En Moscú no hay basura en las calles, las avenidas fueron construidas hace un siglo con cinco carriles de ida y cinco de vuelta, en el centro histórico las construcciones asombran porque tienen el buen gusto de los zares o la inmensidad de la era soviética, el Metro pasa cada dos minutos sin falta, sus estaciones son como palacios subterráneos, la comida tradicional es deliciosa y una nueva generación de chefs se ha colocado bajo el reflector internacional al evolucionarla con técnicas postmodernas, la gente es amable a pesar de la invasión extranjera que les puso a prueba por el Mundial de futbol. No parece una economía en desarrollo, sino una potencia consolidada.
Eso sí: las minorías casi no tienen derechos, los opositores al régimen suelen exiliarse, ser encarcelados o morir en circunstancias sospechosas, el aparato del Estado husmea en todos los rincones y la libertad de expresión es un anhelo intocado.
En Moscú, en el piso 16 de un edificio setentero que por fuera se ve pasado de moda, hasta feo, está una de las mejores cocinas del mundo. Por dentro, el comedor está exquisita y atrevidamente decorado, rodeado de cristales que exhiben esplendorosa a la capital rusa. Ahí despacha Vladimir Mukhin, el joven chef del White Rabbit.
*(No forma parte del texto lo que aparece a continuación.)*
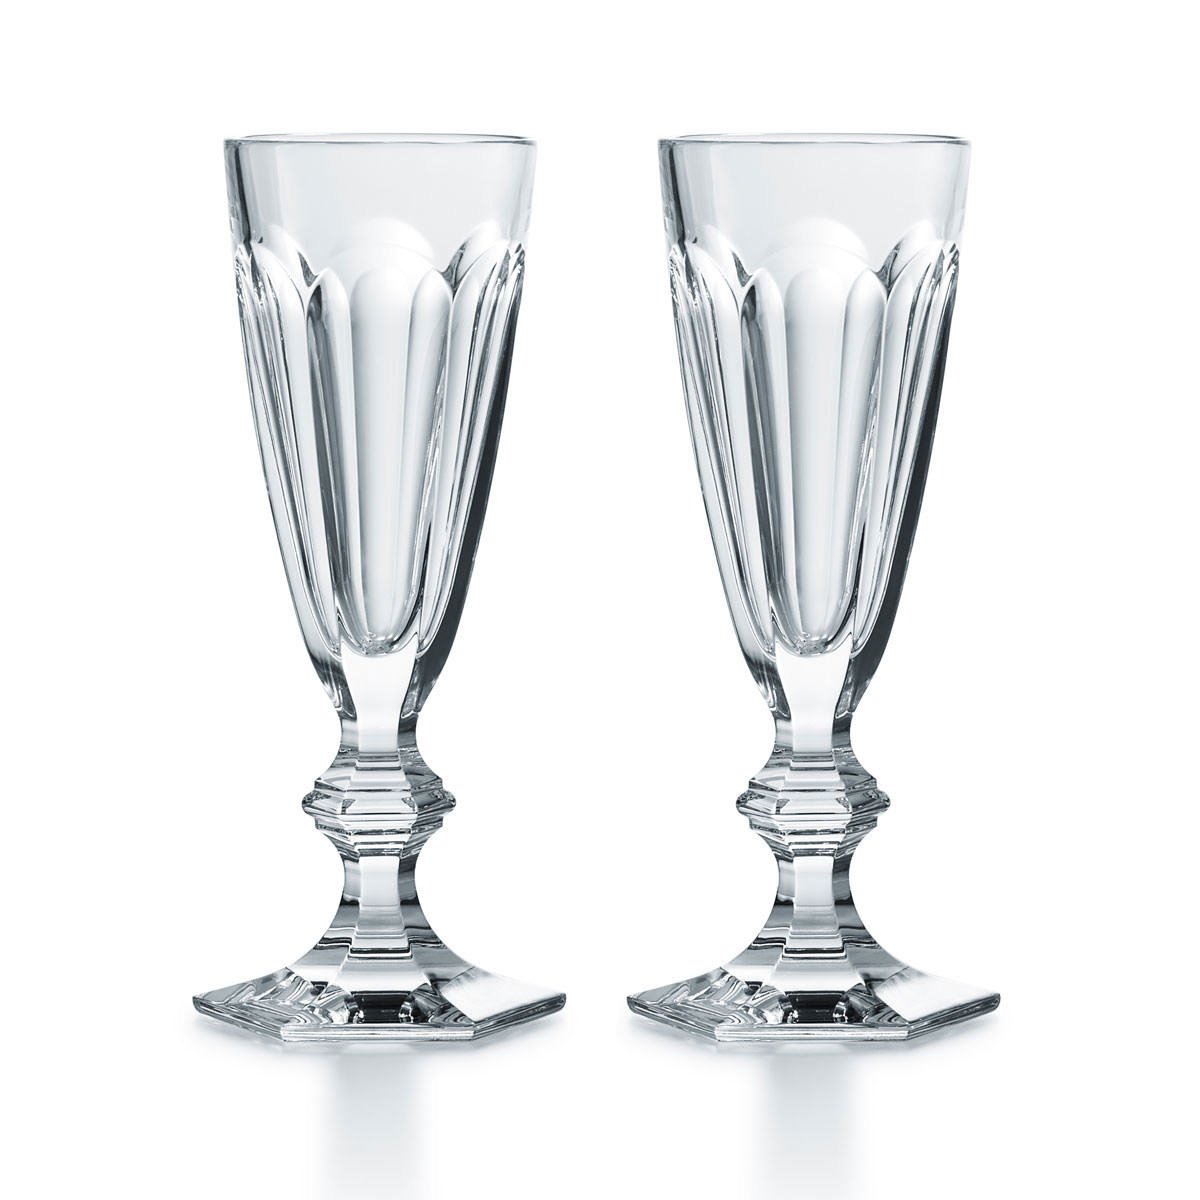 Baccarat Crystal, Harcourt 1841 Champagne Crystal Flute, Pair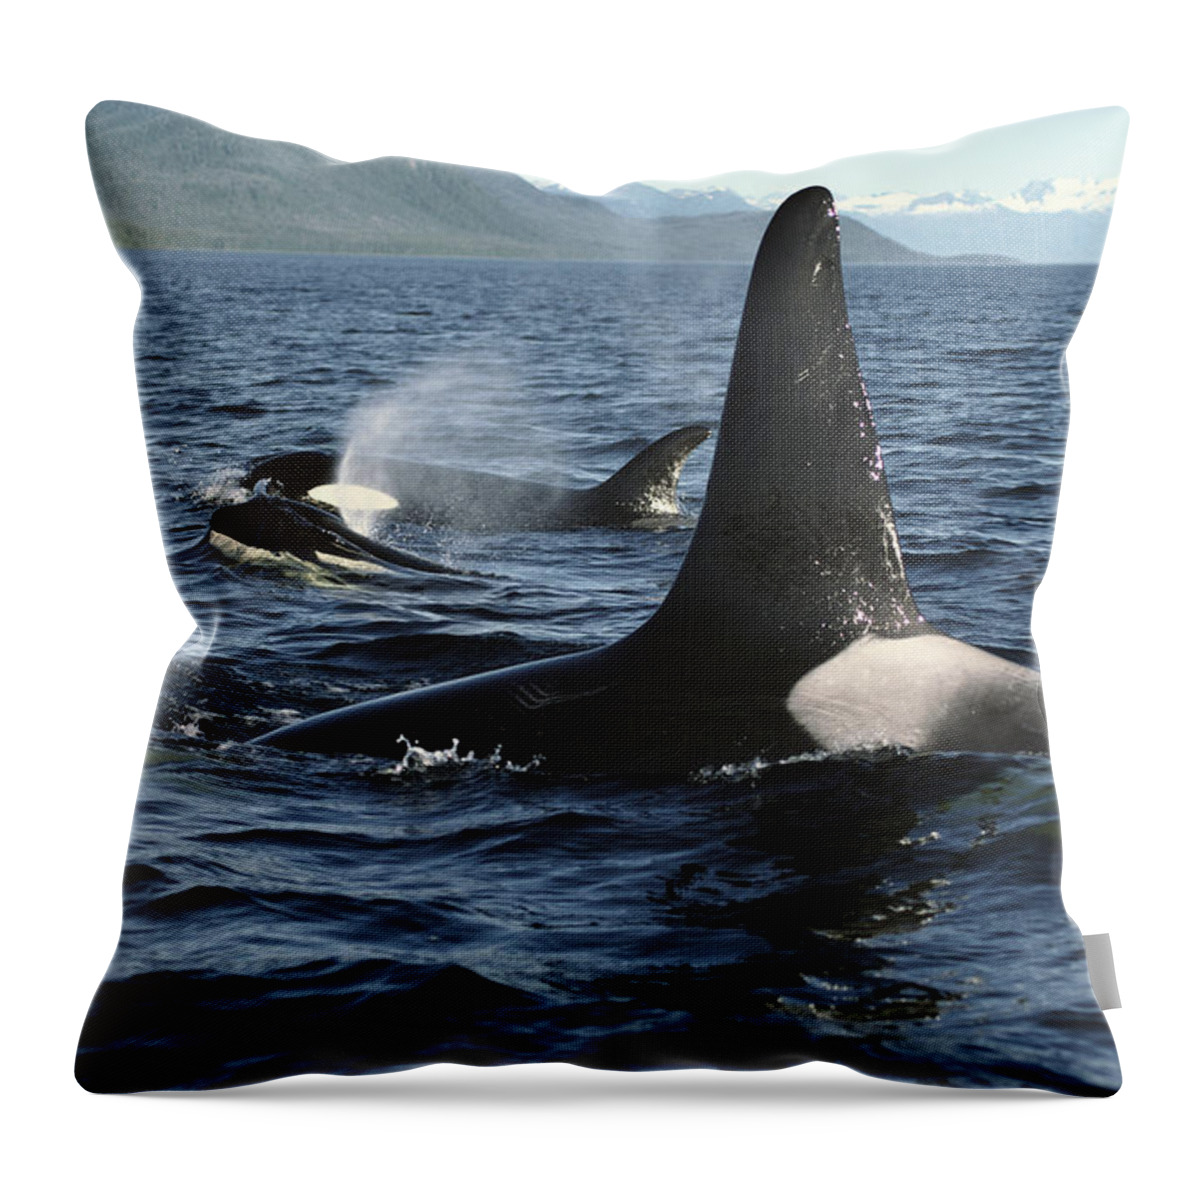 00079588 Throw Pillow featuring the photograph Orca Pod Surfacing Johnstone Strait by Flip Nicklin

Le puso Conejo Blanco a su restaurante inspirado en las locuras de Alicia en el país de las maravillas.
En 2014, cuando su tocayo Vladimir Putin desafió al mundo invadiendo la ex república soviética de Ucrania, Mukhin tuvo el salto de su vida: Europa y Estados Unidos impusieron sanciones económicas a Rusia, y en respuesta, Putin restringió las importaciones de muchos productos alimenticios: un comando de funcionarios públicos se metió a supermercados y restaurantes para quemar los quesos alemanes, triturar con maquinaria pesada los gansos franceses congelados, aplastar las manzanas de Washington.
A Vladimir Mukhin esta crisis geopolítica lo agarró preparado: como lo retrata su capítulo en Chef´s Table de Netflix, el chef había roto con la tendencia de europeizar la oferta gastronómica moscovita y había apostado por cocinar con ingredientes que compraba a pequeños productores locales. Cuando el pueblo batallaba con la escasez y sus rivales se quedaron sin materia prima, él sabía dónde conseguir lo que necesitaba. White Rabbit escaló a ser uno de los 50 mejores restaurantes del planeta.
En ese 2014, la popularidad de Vladimir Putin había caído a entre 50 y 60%, un desplome si consideramos que el mandamás ruso estaba acostumbrado a rondar 90%. Colmillo del tamaño del territorio que gobierna, Putin le dio la vuelta: se montó en el discurso nacionalista culpando de las desgracias de su pueblo a los imperios de Occidente y con una sofisticada institucionalización del dopaje batió el récord de medallas para Rusia en los Juegos Olímpicos de Invierno en Sochi.
Cuatro años más tarde, mientras hay que reservar con semanas de antelación para conseguir una mesa en el White Rabbit, símbolo de la sofisticación rusa a partir de lo doméstico, Putin está de nuevo en los 90%: tiene cautivado a Donald Trump, sometido a Europa, dominado a Medio Oriente, espiado a medio mundo, manipulado el internet… e invadida Ucrania.
El Conejo Blanco y el zorro rojo. Poder suave. Poder duro.
SACIAMORBOS. Los socios de White Rabbit acaban de abrir un nuevo restaurante. Curiosamente le pusieron Red Fox.